7. Overview of the tree structure

Tree is a data structure that is a "n (1 n> =) " finite node composition having a set of hierarchical relationships .

It is called a "tree" because it looks like an upside-down tree, which means it has its roots facing up and its leaves facing down.

The tree has the following characteristics:

  • Each node has zero or more child nodes;
  • A node without a parent node is called the root node;
  • Every non-root node has one and only one parent node;
  • Except for the root node, each child node can be divided into multiple disjoint subtrees.

In daily applications, we discuss and use more of one of the tree structures, the binary tree , as shown in the figure below.

 

Binary tree is a special kind of tree, with the following characteristics :

  • Each node has at most two subtrees, and the maximum degree of the node is 2.
  • The left subtree and the right subtree are in order, and the order cannot be reversed.
  • Even if a node has only one subtree, the left and right subtrees must be distinguished.

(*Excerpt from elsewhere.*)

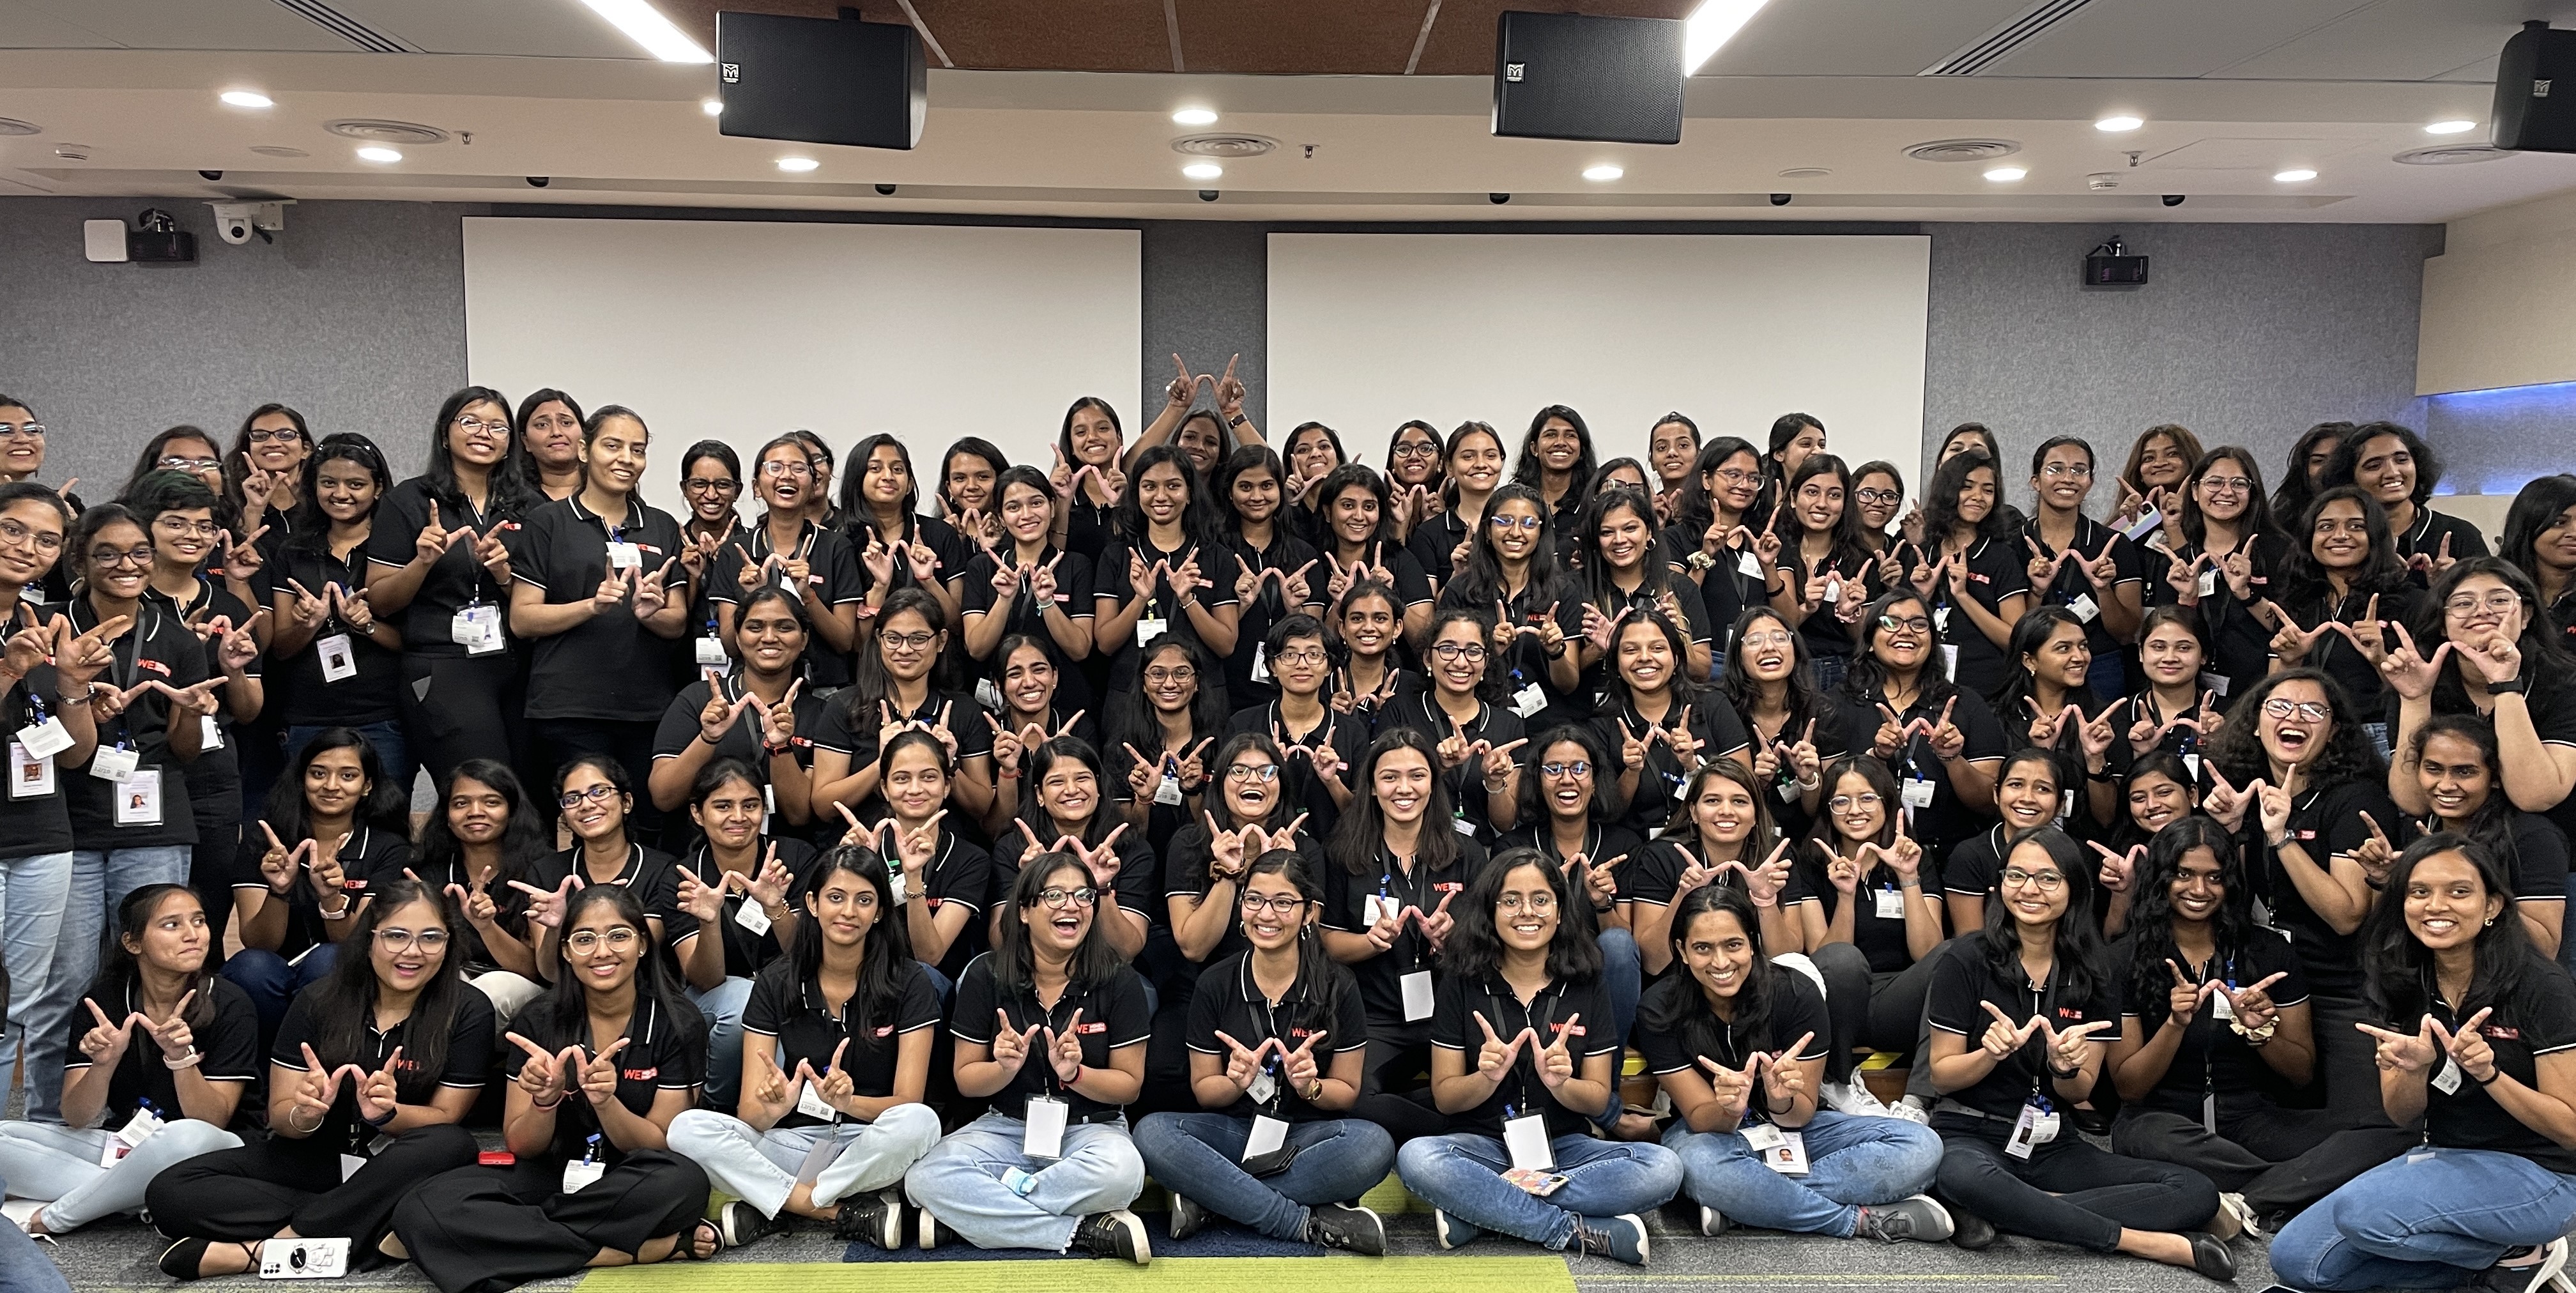 TalentSprint announces Fifth Edition of Women Engineers (WE) Program, supported by Google

Binary tree is a useful compromise .

Binary tree addition and deletion of elements are fast, and there are many algorithm optimizations in search;

Binary tree has the benefits of linked lists and arrays. It is an optimization scheme of the two and is very useful in processing large quantities of dynamic data.

8. Overview of hash table structure

A hash table, also called a hash table, is a data structure that is directly accessed based on key codes and values ​​(key and value).

Map to a position in the collection by key and value, so that the corresponding element in the collection can be found quickly.

The recorded "storage location=f(key)".

The corresponding relationship f here becomes a hash function, also known as hash (hash function);

The hash table is to convert the "Key" into an integer number through a fixed algorithm function, the so-called hash function;

This number takes the remainder of the length of the array, and the result of the remainder is used as the subscript of the array;

Store the value in the array space with the number as the subscript.

This kind of storage space can make full use of the search advantage of the array to find elements, so the search speed is very fast. The structure of the hash table is as follows:

As can be seen from the figure, the left side is obviously an array, and each member of the array includes a pointer to the head of a linked list .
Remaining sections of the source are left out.